Bobby- how many hunters and dogs on the ground at a time?

Scott- In the same area as Bobby we moved maybe 20 some woodcock in 5days. Ran into some guys that said they moved 40 woodcock a day and others that moved 20 some. 

Mike


----------



## Bobby (Dec 21, 2002)

Grouseman2 said:


> Bobby- how many hunters and dogs on the ground at a time?
> 
> Scott- In the same area as Bobby we moved maybe 20 some woodcock in 5days. Ran into some guys that said they moved 40 woodcock a day and others that moved 20 some.
> 
> Mike


2 hunters and one dog per run, 3 dogs total. I'm done running more than a dog at any one time.

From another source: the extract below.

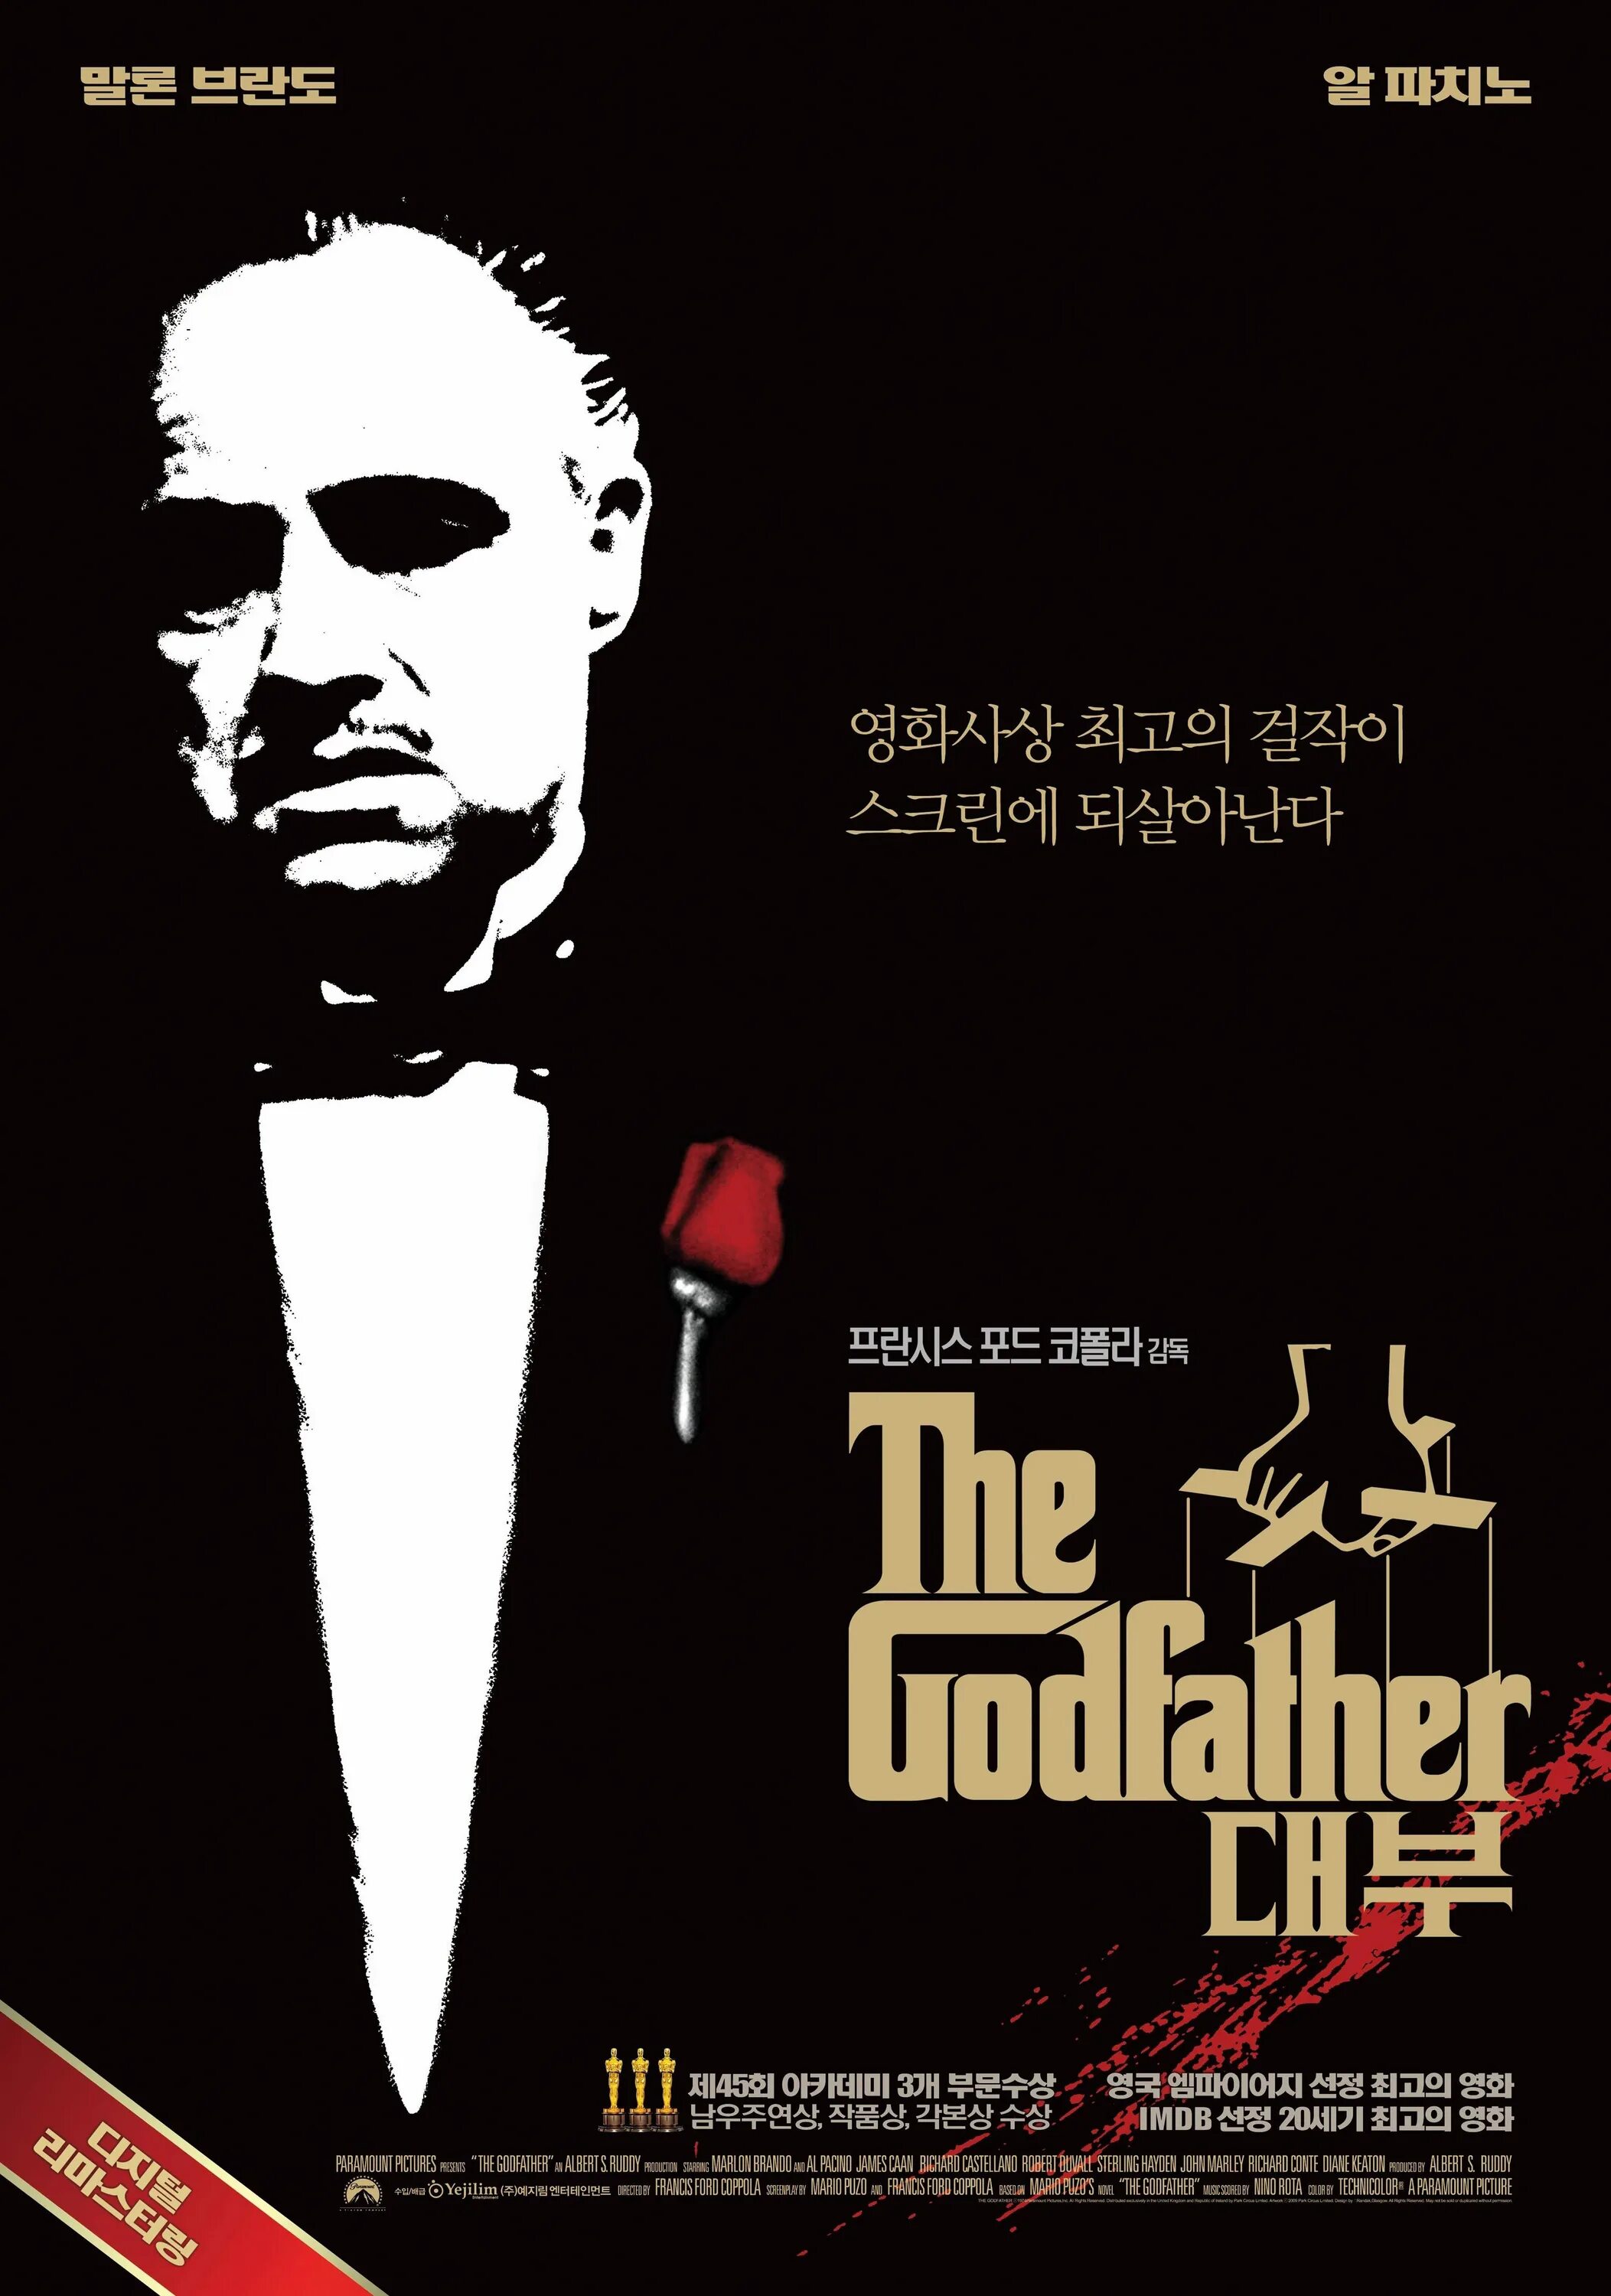 Крестный отец 1972. The Godfather 1972 poster. Коза Ностра мафия. Мафиози коза Ностра.

Most of the covers we hunt haven't held woodcock in the past. We don't go looking for 'em. There is plenty of woodcock specific cover and these are the areas where we would see the birds prior to sunrise on the road and in the air. We will take woodcock but they aren't a target species when we are in the UP, especially when we are seeing grouse every time we stop the truck. I think we had only 2 dry runs the entire week, a dry run being a run without a bird.


----------



## Bobby (Dec 21, 2002)

Some photos

The old Girl still has it. 11.5 years, only on the ground for 20 minutes at a time. Also got the middle of the day. But she still produced, nearly every time down and considering she hasn't been in the woods or on birds since last season (I never take her trianing any more) she stuck her birds and was dead broke on nearly every flush, shot and fall (or miss).










Mr. McNut, the young one. Finished the week sticking 2 separate grouse at the end of a 1.5 hour run. Slammed 'em hard and stood like a champ while we found him and flushed. Missed both, but he did retrieve this bird that we flushed from the trail as he awas working deeper in the woods.

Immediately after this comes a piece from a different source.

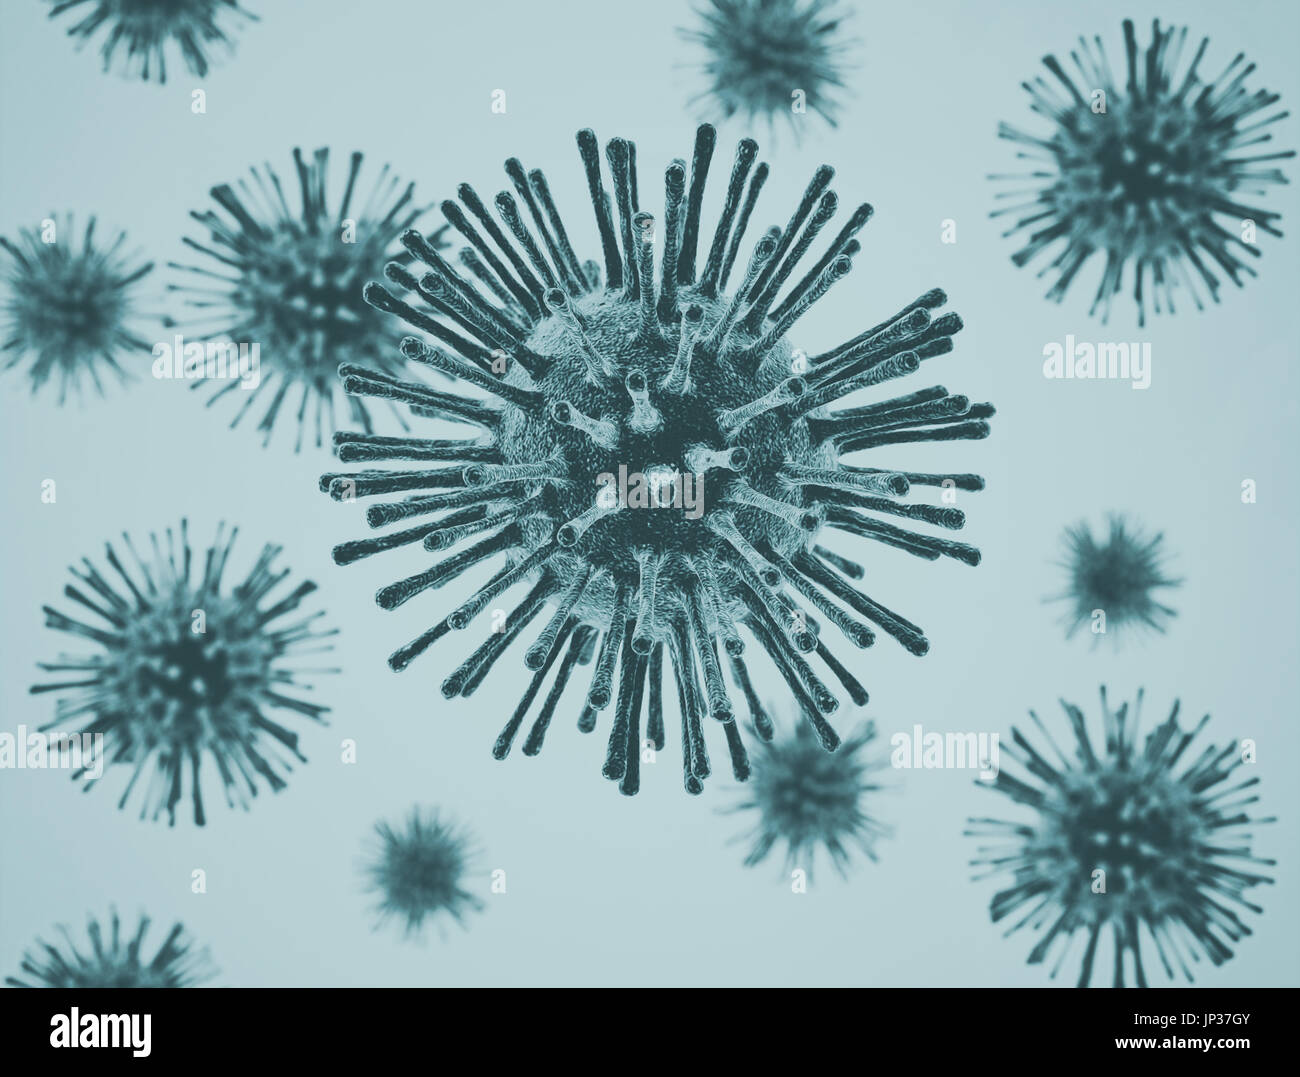 Virus cells illustration Stock Photo

The Virgin Mary Cover. Had a road bird in this spot. Parked, let the old gal out and pinned the bird. Flush, shoot, miss, chase and deeper in the woods find Mother Mary. We hit this cover every other morning the rest of the week and never saw that bird again.









Woodcock on the grille


----------



## kek25 (Jul 9, 2005)

Looks like you had a great week, Bob. Good to see the old girl can still find them. She looks like she's in excellent shape. Your young male is looking good too. From the photo he looks like a big well built boy.


----------



## 2ESRGR8 (Dec 16, 2004)

Bobby I am glad you took someone along to shoot some birds for your dogs.


----------



## Bobby (Dec 21, 2002)

kek25 said:


> Looks like you had a great week, Bob. Good to see the old girl can still find them. She looks like she's in excellent shape. Your young male is looking good too. From the photo he looks like a big well built boy.

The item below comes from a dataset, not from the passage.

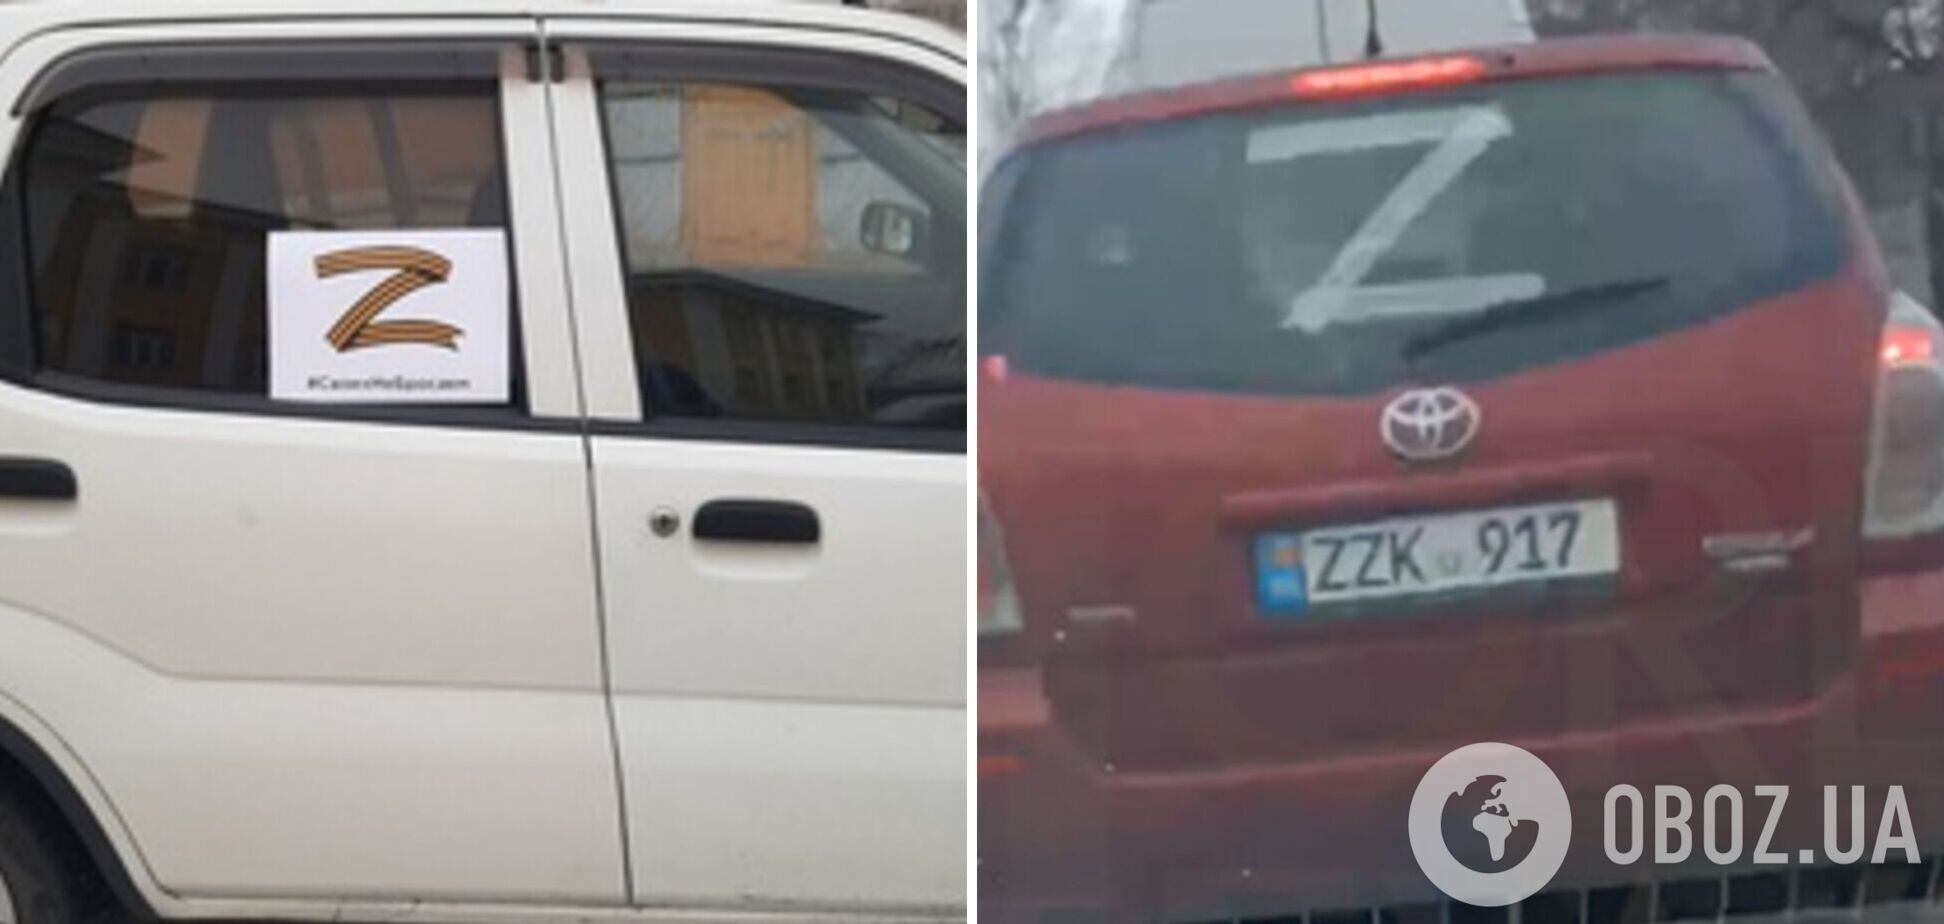 У Криму зменшилася кількість автомобілів із символом 'Z'

Tugger or Tugnut or Mr. McNut is a young one, good looking too, even thru my kennel blindness. I'm looking forward to the future with him. He likes his birds and when he picked up that first one and delivered it to hand (without any previous lesson) it was a wonderful. Wish I caught it on film. But the way he stuck the 2 separate grouse at the end of a long run was even better. It made my week.



2ESRGR8 said:


> Bobby I am glad you took someone along to shoot some birds for your dogs.


I did hit 3 woodcock, out of 4 I shot at, but only a single grouse out of 10 we bagged. And it was actually in flight 

The rest of the season the dogs are screwed on the shooter.


----------



## k9wernet (Oct 15, 2007)

This morning I was deer hunting along a creek in Eaton Rapids. Just as the day was beginning to break, I was buzzed by three woodcock -- one after another within a span of about a minute. They all put down in the same clump of dogwoods on the other side of the creek. Have to imagine those were flight birds.


----------



## Randle (Nov 6, 2000)

Bobby, Nice dog/bird pictures. Whats up with the beeper around the waist of the dog? Never seen that before.


----------



## Bobby (Dec 21, 2002)

Randle said:


> Bobby, Nice dog/bird pictures. Whats up with the beeper around the waist of the dog? Never seen that before.


He's still in training.
It's a belly band/training E collar. I use the neck collar for handling, the belly collar for whoa/stop chasing etc. If he's not handling, turning when I command he get's a little reminder at the neck.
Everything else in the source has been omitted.